Na modalidade EBM, são 2.200 alunos matriculados na escola Luiz Rittler de Lucena e 1.080 na escola Elza Breves. “Estamos muito contentes com o resultado da parceria entre a Seed, Polícia Militar e Corpo de Bombeiros. Em pouco tempo a transformação das escolas já é visível e está se tornando um porto seguro para as comunidades. Temos certeza de que no final do ano letivo as escolas nem de longe se lembrarão do que eram”, ressalta o secretário de Educação, Marcelo Campbell.

A aula começa 7h30, mas os alunos devem estar na escola às 7 horas. Nesse período de meia hora, eles têm o momento cívico, em que cantam o hino nacional e recebem instruções do dia. Para auxiliar na parte disciplinar, as escolas de EBM contam com o auxílio de policiais militares e bombeiros.

“Já houve mudança de forma significativa. Os alunos estavam precisando que alguém que lhe colocasse limite. Os professores estão aderindo ao projeto e sentido muito mais tranquilidade em dar aula”, disse o coronel Adelson Filgueiras, diretor da escola Elza Breves. Os alunos que chegam atrasados ou cometem algum tipo de indisciplina pagam penalidades.

Uma das penalidades aplicadas é colocar o aluno para recolher o lixo de toda a escola. “Eles recebem palestras e orientações sobre educação ambiental. Então eles estão deixar de sujar a escola porque sabem que eles mesmos terão que limpar”, disse o sargento do Corpo de Bombeiros, Wilson Rabelo.

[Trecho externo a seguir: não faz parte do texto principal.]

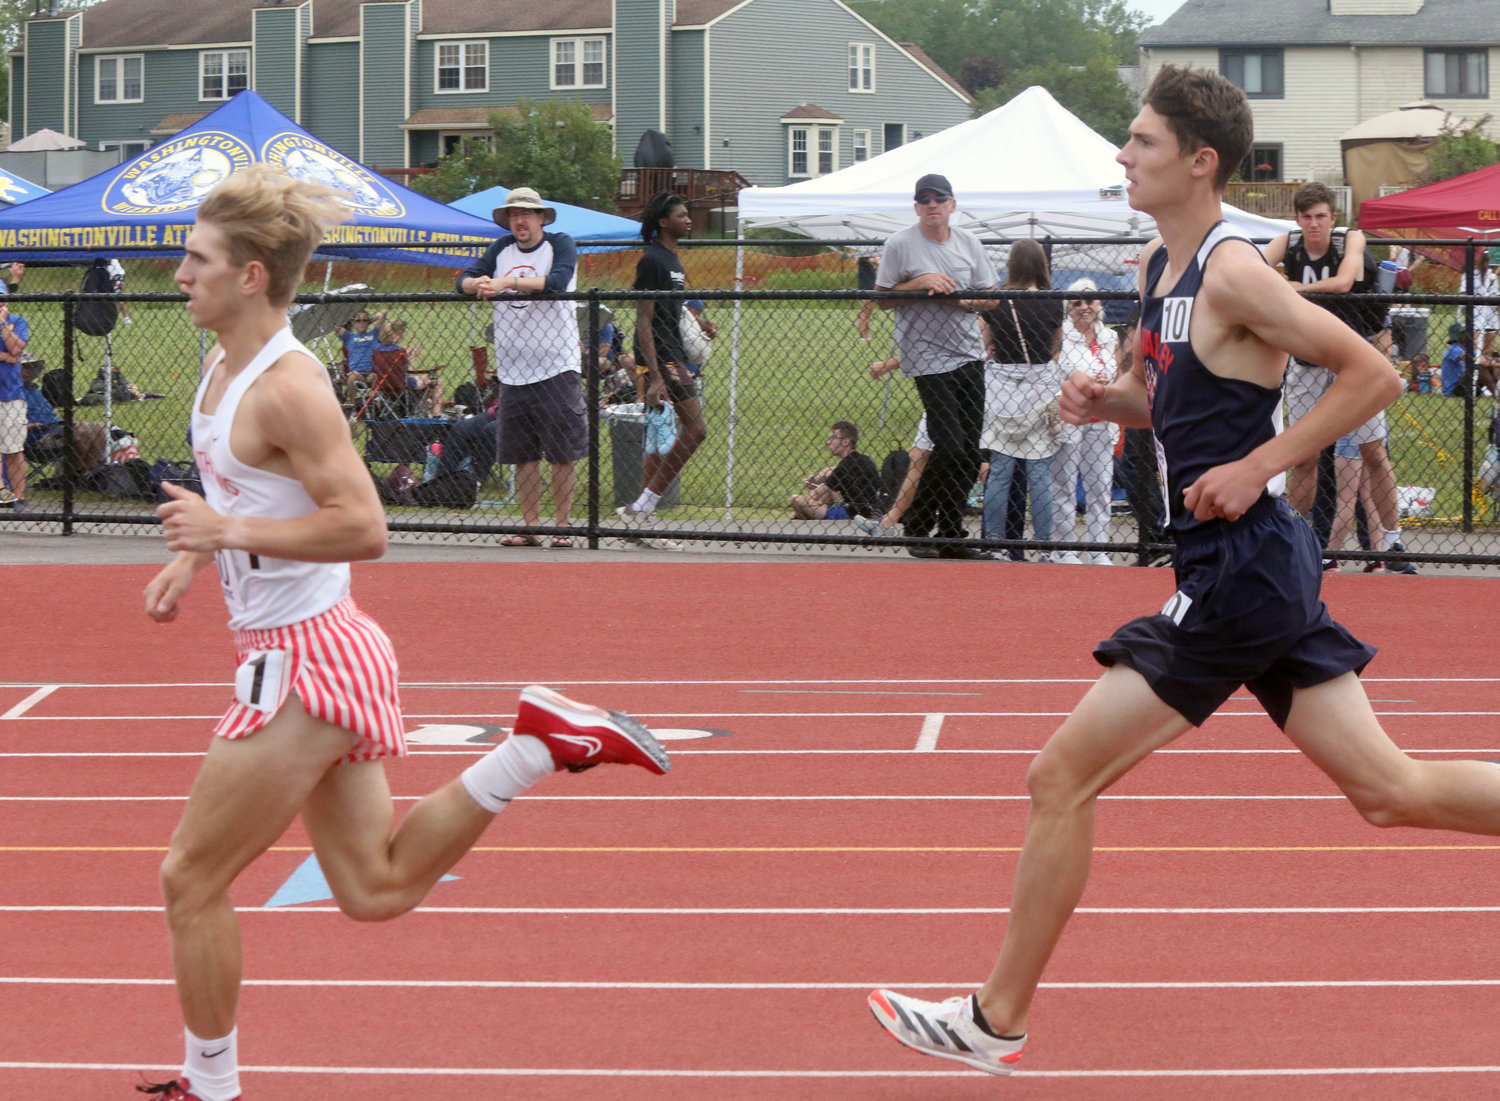 Tri-Valley junior Adam Furman won two medals at states. He finished second among the D2 contenders in the 3200 and sixth among the D2 racers in the 1600.
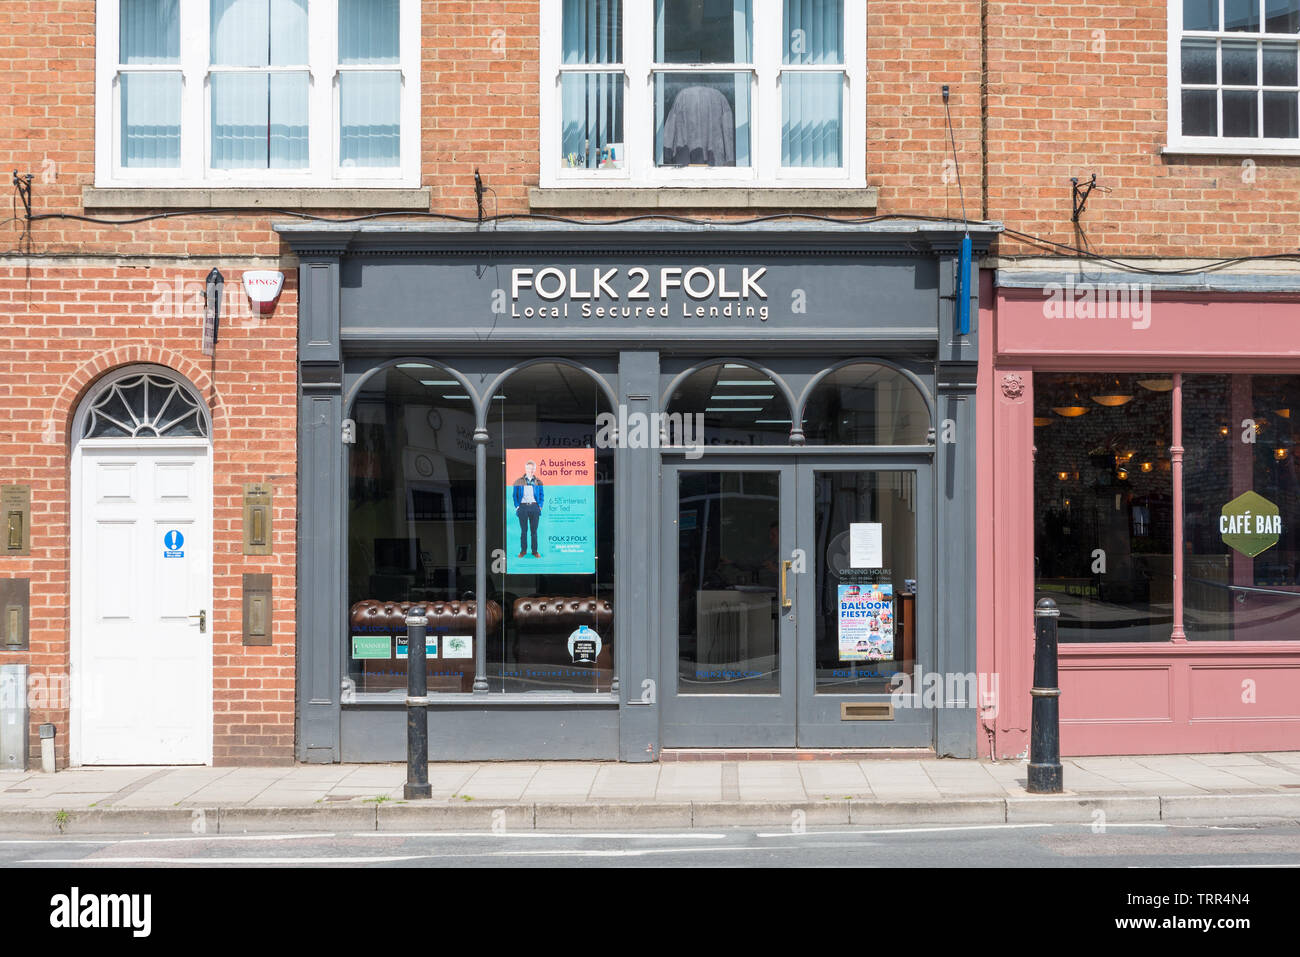 Folk 2 Folk peer-to-peer local secured lending for rural businesses and SMEs in Tewkesbury, Gloucestershire, UK Stock Photo

DEPOIMENTOS - A coordenadora Ângela Leite, que trabalha na unidade desde 2011, relatou que apesar do processo de adequação, já é possível perceber as mudanças na escola. “Depois do intervalo não precisamos mais pedir para eles entrarem em sala, já vão por conta própria. Estão chegando no horário e são bem receptivos com as regras”, disse.

Para o professor de matemática Josias Mendes, que leciona na escola há 10 anos, o cenário do ambiente escolar está se transformando aos poucos. “Os alunos já se atentaram para a rotina disciplinar. Estão se comportamento melhor em sala de aula. A relação com os colegas de sala e com os professores tem sido mais respeitosa. É fruto da implantação do EBM, e em pouco tempo”, observou.

Mendes comentou ainda que alguns alunos que costumavam dar um pouco de trabalho para os professores, hoje se comportam de forme diferente. “Os próprio militares comentam que nossos alunos se adaptaram fácil às regras e normas que a nova modalidade exige”, contou.

O professor, que também mora no bairro onde a escola está inserida, disse que era visível o histórico de indisciplina na unidade, e por conta disso muitos professores tinham resistência em trabalhar na escola. “Vejo hoje que a maioria dos colegas gostaria de ser lotados aqui. Temos potencial para ser escola de referência no ensino no Estado”, ressaltou.

Para a professora Waldinéia Silva, a aula de espanhol na escola Elza Breves está sendo proveitosa. A organização em sala tem feito os alunos prestarem atenção nos conteúdos repassados. “Eles vêm de uma realidade em que ficavam transitando em sala, brincavam com o colega durante a aula e agora estão passando por um processo de reeducação. Só podemos dar aula de qualidade quando eles sentarem na cadeira e prestarem atenção no conteúdo repassado”, frisou.

Ela é professora na unidade há três anos e tem notado a mudança no comportamento dos alunos. “Está mais fácil ser professor aqui. Em casa eu comento com minha família que está mudando. Eu digo a eles se em menos de um mês já podemos notar mudanças, imagina daqui um ano”, disse.